Roller ski tire changing made fun & easy
Ask any V2 Aero roller ski owner how they like the dryland skis and they’ll usually start raving about how much the love them. The appreciate the soft ride made possible by the Aero’s large tires that roll over stones, crevasses and even perform well on crushed limestone bike trails. Add the easy-to-use brake and speed-reducing systems, and you have the safest roller skis on the market.
But if you ask about changing the tires when they wear out, it’s a different story. Then you start hearing about the nightmare involving broken plastic tire irons and bruised knuckles and egos. Many skiers just give up changing the tires themselves and head to their local bike shop to have it done.
But all that has changed because of The Great Innovator Len Johnson, owner of Jenex V2. I gave him that nickname several years ago because he stands head and shoulders above the rest of the roller skiing world with his innovations, which include the development of brakes and speed reducers. He has improved the overall design of his roller skis every year, too. He never rests on his laurels and is constantly looking for ways to make his product better.
Len’s latest baby is the V2 Aero Tire Changing Station. This surprisingly simple apparatus has made replacing Aero tires a simple operation that takes only a few minutes.
I got ahold of one of Johnson’s tire changing stations and anchored the base on my workbench (see photo). If you wanted to make it more portable, it can be screwed down to a thin piece of wood and then clamped to a surface/table for use.
Before you attempt to read the instructions, I strongly suggest that you go to the Jenex website (www.jenex.com) and watch the video of Len’s son Erik demonstrating how to change a tire.
I started by replacing a worn set of tires with new tires. I used Murphy’s Oil Soap to lubricate the tires near the rim, which greatly aids in reducing the strength needed to remove or mount the tire onto the rim. But even so, it did take some hand strength to mount the new tires, especially since the soap solution made the tires quite slippery.

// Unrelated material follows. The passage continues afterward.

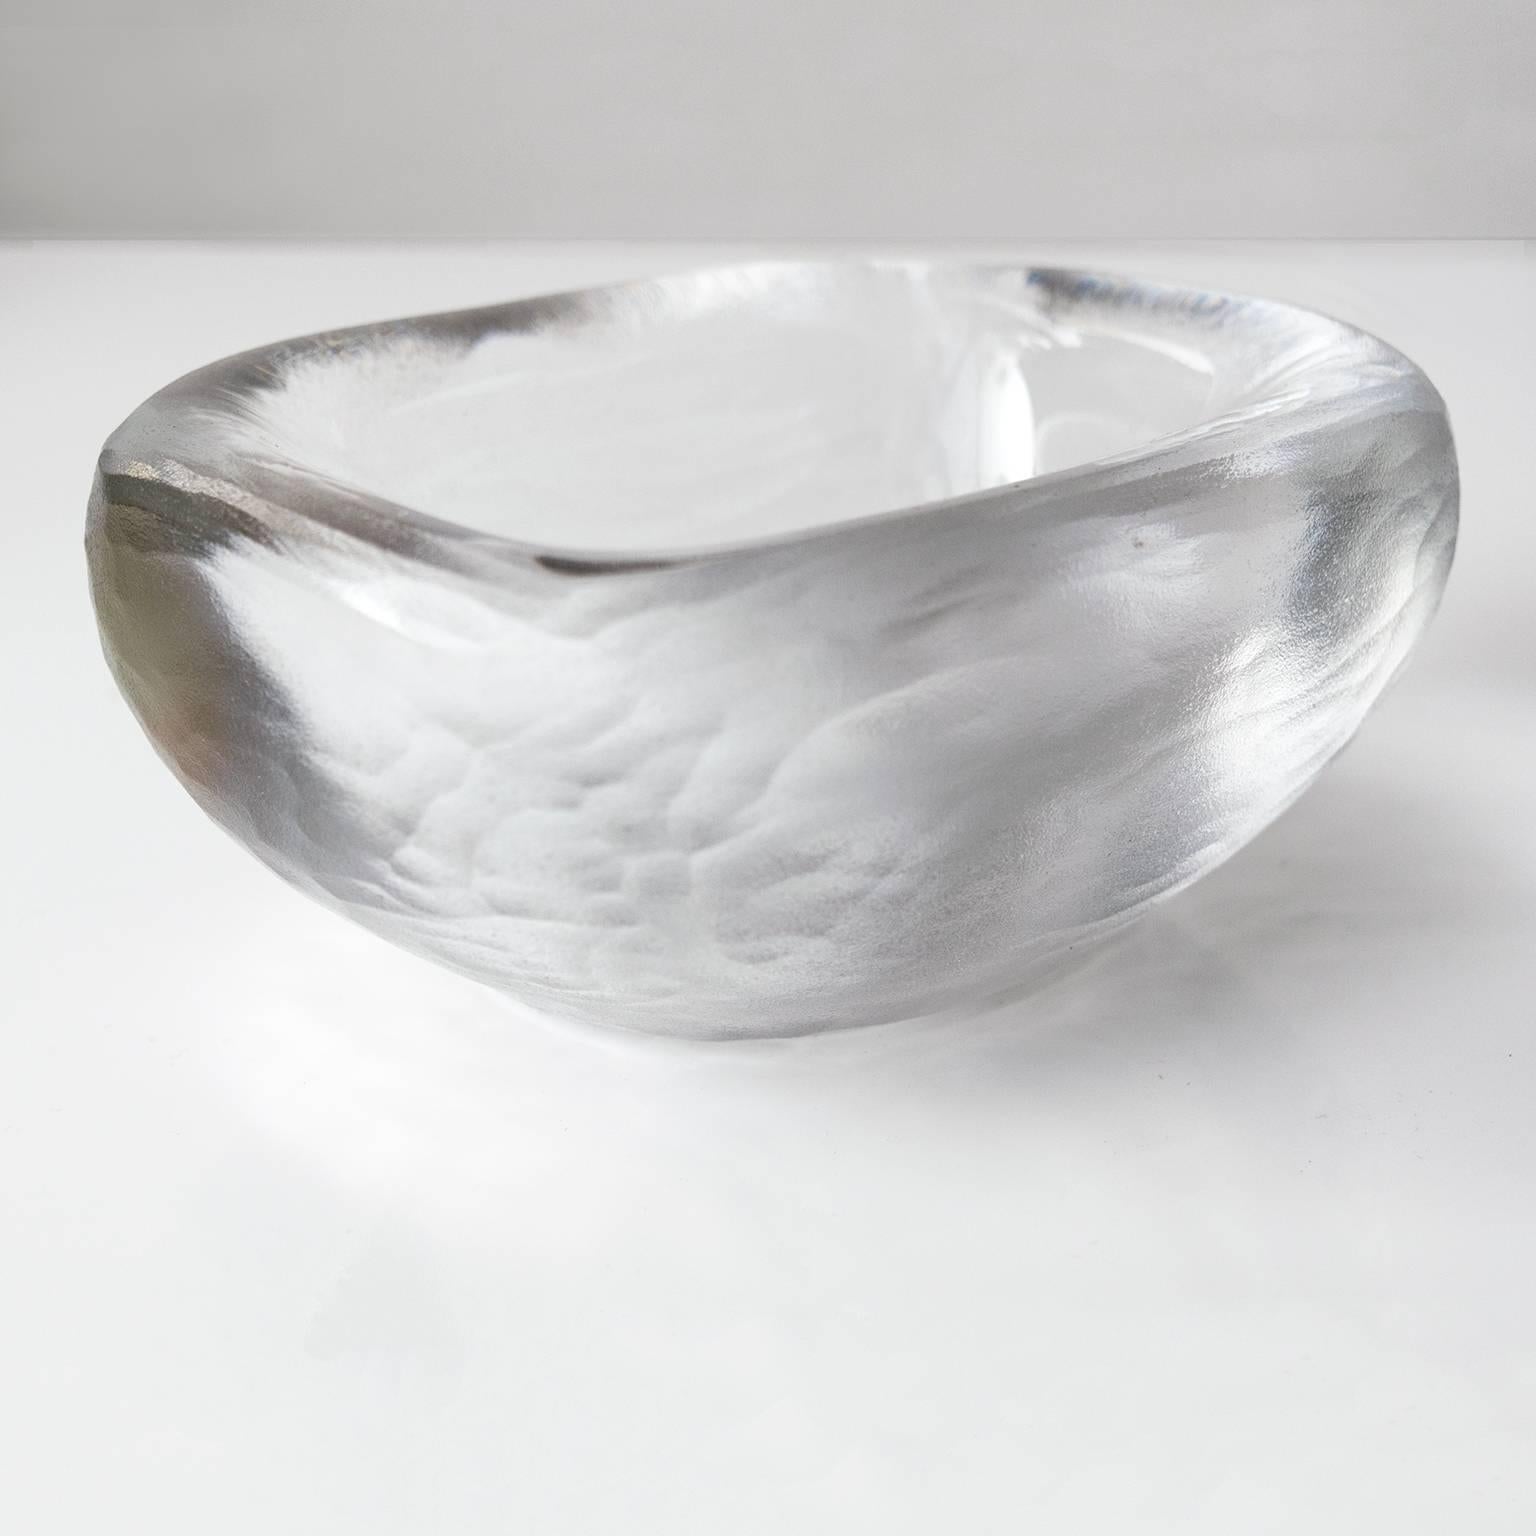 A Scandinavian Modern battuto technique crystal bowl by Swedish designer Vicke Lindstrand for Orrefors. This bowl is from Lindstrand's

So after I had finished mounting the new tires, I took two spares and repeatedly removed and remounted them, trying to find a way to use less brute strength in getting the tire onto the rim. I came up with two techniques that replaced the need to be strong. Here is the simpler one.
The changing station comes with two metal tire irons that resemble ones used by automobile dealers. I used one of the tire iron as a lever to help turn the wheel to mount the tire on the rim. (See photo) Without the lever, only a strong person could mount the tire using only their hands. But using the lever made changing the tire actually enjoyable. I found myself removing and remounting my spares quite a few times. This machine is so foolproof I didn’t get one pinch flat in the 16 times or so I mounted a tire, something I certainly couldn’t claim using my previous tire changing methods.
At first glance the Aero Tire Changer seems a little pricey: $118 on the Gear West website. But for sure, it is a great investment for a ski or bike shop, and very reasonable if a group of four skiers or more split the cost. Still it makes sense for the serious skier to purchase this machine. For example, the cost to replace four solid-type skating wheels can run up to $160. The replacement cost for four Aero 150 tires is about $80. So if you look at it that way, after a couple of tire changes, the station pays for itself.
But watch out. If you do buy one, you might find that using the tire changer can be a lot of fun. To me it beats video games hands down, but then the last video game I played was Gobbler.
Before getting the tire changing station, I could change an Aero tire in about five minutes using motorcycle tire irons and two vice-grip pliers. The vice grips were for breaking the bead on the old tire and also for holding the new tire on the rim temporarily as I worked my way around the wheel with the tire irons. But the new Aero changing station has made that technique obsolete.
I’m on my third pair of Aero roller skis and have gone through many sets of tires and have only gotten two flats, and both were my fault by allowing the outer tire to wear completely through, exposing the inner tube. Flats do occasionally happen, so many roller skiers take a spare along in their waist pack.